Neuromorphic Applications Researcher- Temporary Position
Intel · Guadalajara, Mexico
About this role
Intel is hiring a mid-level AI Research Scientist in the machine learning function based in Guadalajara, Mexico. The posting calls out experience with Python, TensorFlow, PyTorch, LLMs.
- Role
- AI Research Scientist
- Function
- machine learning
- Level
- mid
- Track
- Individual contributor
- Employment
- Full-time
- Location
- Guadalajara, Mexico
- Posted
- May 19, 2026
More roles at Intel
Job description
from Intel careersJob Description:
This position requires candidates to upload a resume in English; you are welcome to upload multiple versions of your resume if you prefer but an English version of your resume will be required to be considered for this position.

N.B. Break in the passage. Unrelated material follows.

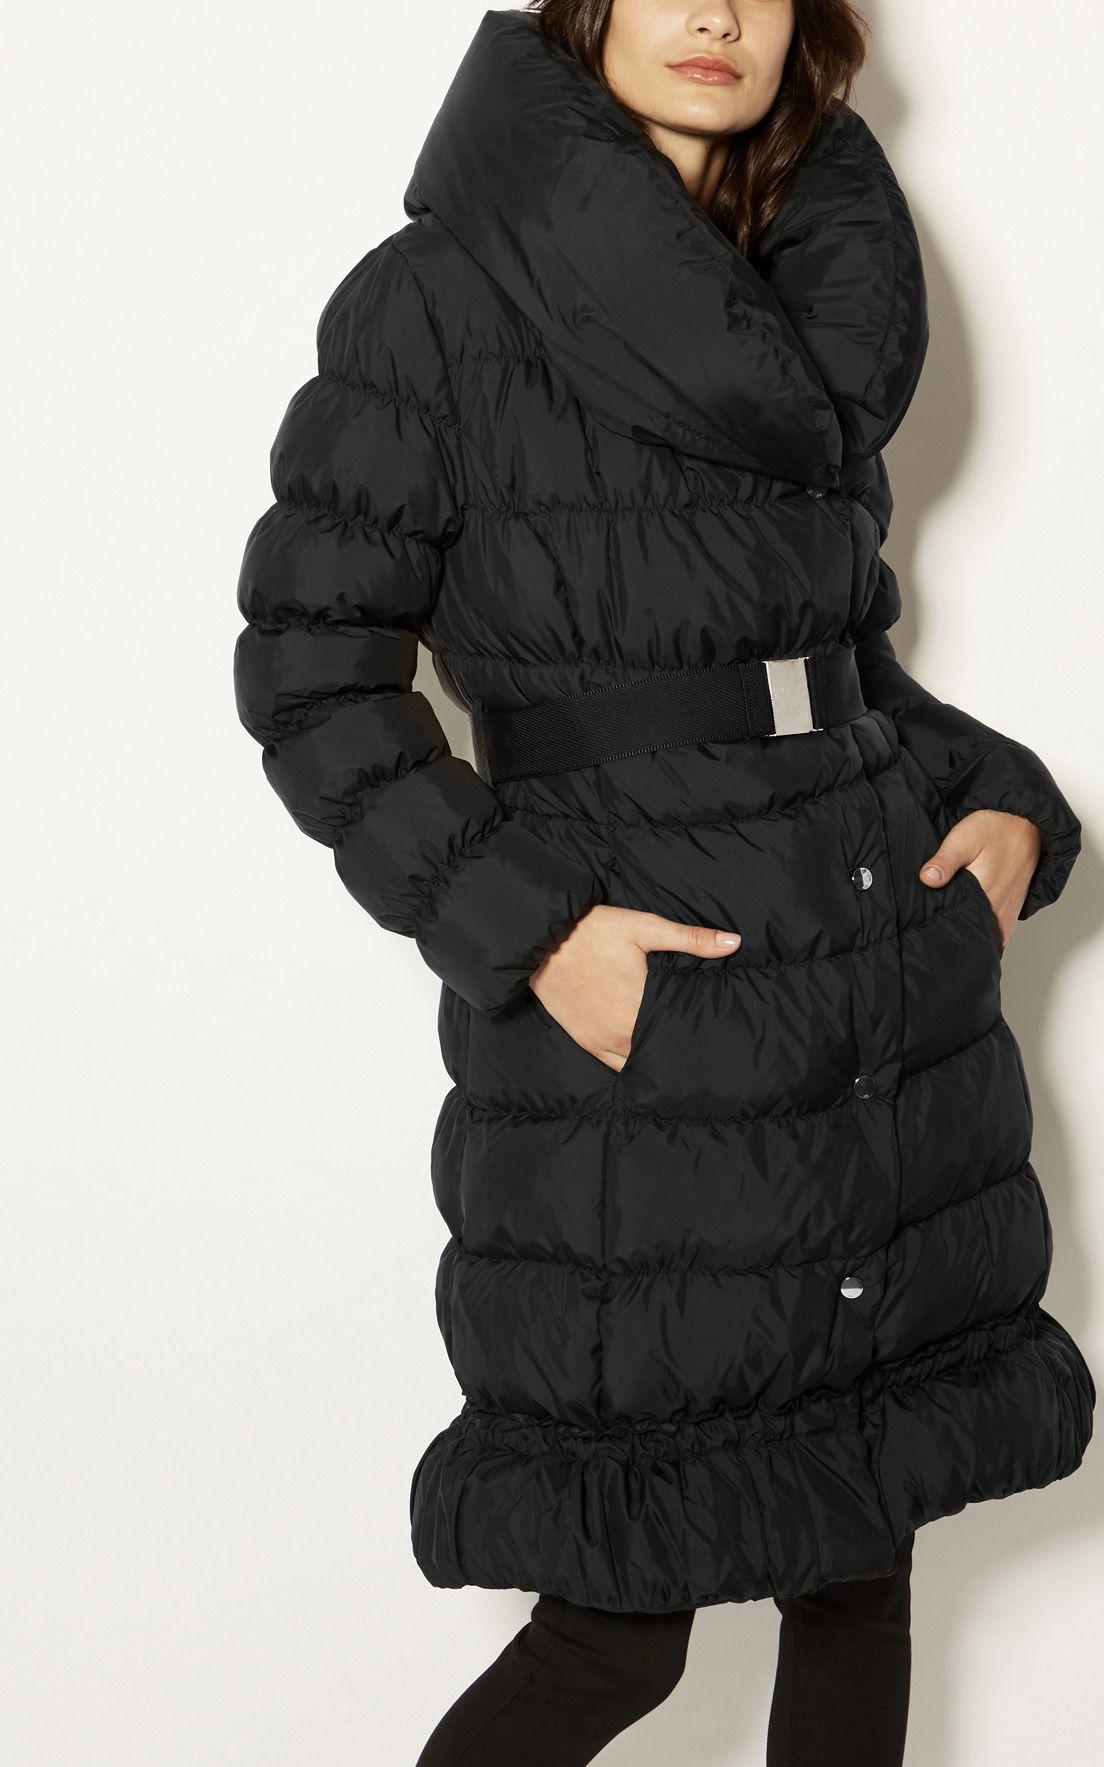 c9972bc5849 Karen Millen, Feather Filled Puffer Coat Black   Coats   Women's ...

For nearly a decade, Intel's Neuromorphic Computing Lab-together with a global ecosystem of 250+ research groups-has explored architectures, algorithms, and software inspired by the brain's extraordinary efficiency, scalability, and adaptability. Our Loihi series of research chips pioneered event-driven, sparse, and massively parallel neuro-inspired processing, fueling over 100 peer-reviewed publications that validate its promise.
Now, we're entering an exciting new chapter: transforming these breakthroughs into real-world products that will power the coming era of physical AI systems-beyond the reach of GPUs and mainstream AI accelerators.
If you are passionate about pushing the boundaries of computing, from transistor-level innovation to software abstractions, join us. Help define the next wave of AI technology that harnesses the proven advantages of Intel's neuromorphic computing technology with the versatility demanded by modern AI workloads.
Position Overview
Demonstrate the value of Intel's neuromorphic technologies by developing, implementing, and benchmarking algorithms for Intel's next-generation neuromorphic architecture to enable applications in edge computing, signal processing, and autonomous systems for the era of physical AI with groundbreaking performance and efficiency.